Doing the economics you run into this guy Paul Krugman every once in a while and you’re usually impressed. His papers are readable, theoretically enlightening and empirically relevant. One of my favorites is this one about the core and periphery in the world trade system.

And then there’s this NY Times columnist named Paul Krugman that is just terrible. He gets basic logic wrong. He makes wild, economically illiterate claims and he’s demonstrably biased and hypocritical.

And then there’s this great exchange between James Galbraith and this other guy named Paul Krugman. While arguing against trade as a cause of increasing inequality, he eloquently defends the use of precise notation in economics, he encourages the happy marriage of theory and data consummated on the importance of economic significance over the statistical or literary variety, and he observes the obvious, but often overlooked, truth that disagreement in a field of science doesn’t invalidate the whole of it. In other words, this incarnation of this Krugman fellow lays a smack down on Galbraith ((h/t Thoma)), i.e. do read the whole thing.

It occurred to me that these guys might actually — despite the large variation in disposition, cogency and temperament — be the same guy. I mean, that is a rather unusual name. Doing a google search on “Paul Krugman” pointed me to a blog authored by someone of that name. And what do you know? Its pretty good. He touches on many of the same topics as Paul Krugman the academic with the same mix of light but significant theory and data. He has an eloquent writing style like the fellow that had the exchange with Galbraith. He does have his moments of fire breathing similar to the columnist Paul Krugman, but those moments are few and brief.

I’m going to call it. These Paul Krugmans are all one and the same. The newspaper column is just a terrible medium for him.

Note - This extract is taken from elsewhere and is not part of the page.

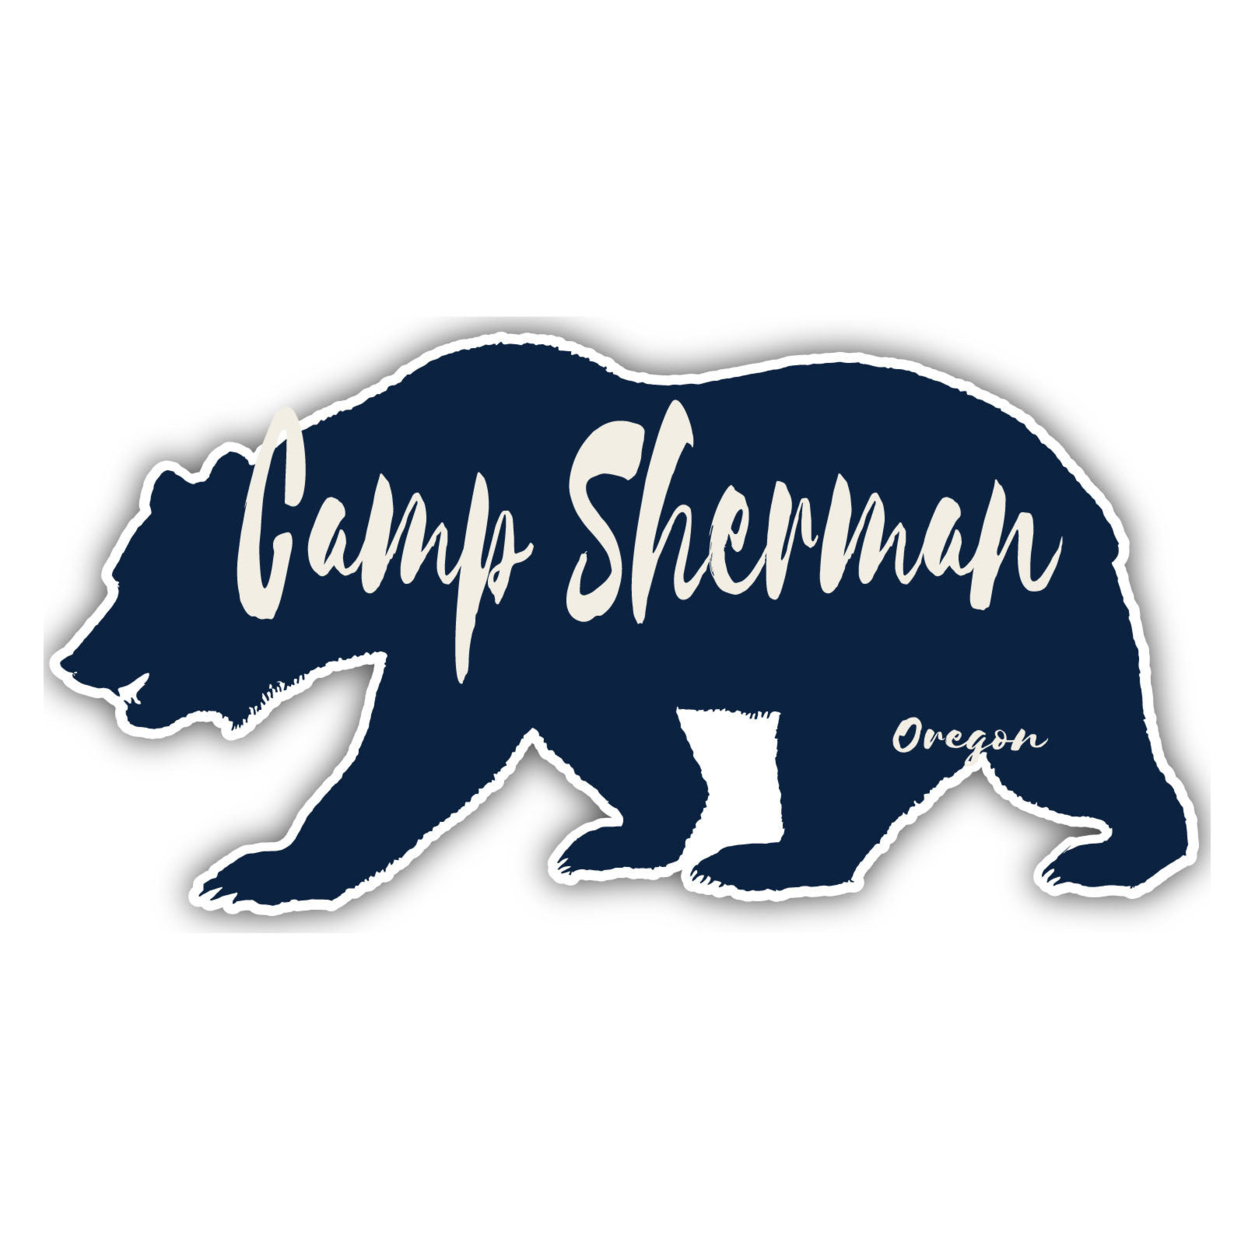 Camp Sherman Oregon Souvenir Decorative Stickers (Choose Theme And Size) - 4-Pack, 6-Inch, Bear

3 thoughts on “Medium Matters”

  1. The explanation I heard goes a bit like this… sometime in the early ’00s, Krugman got scared by what the Bush people were doing and especially their communication strategy and the media’s cowardice, so he decided to dial up his own inner polemicist (read “political hack”) which culminated in his Conscience of a Liberal book, which was (perhaps justly) grilled for what people saw as historical inaccuracies and half-truths about the post-WWII era of fiscal activism.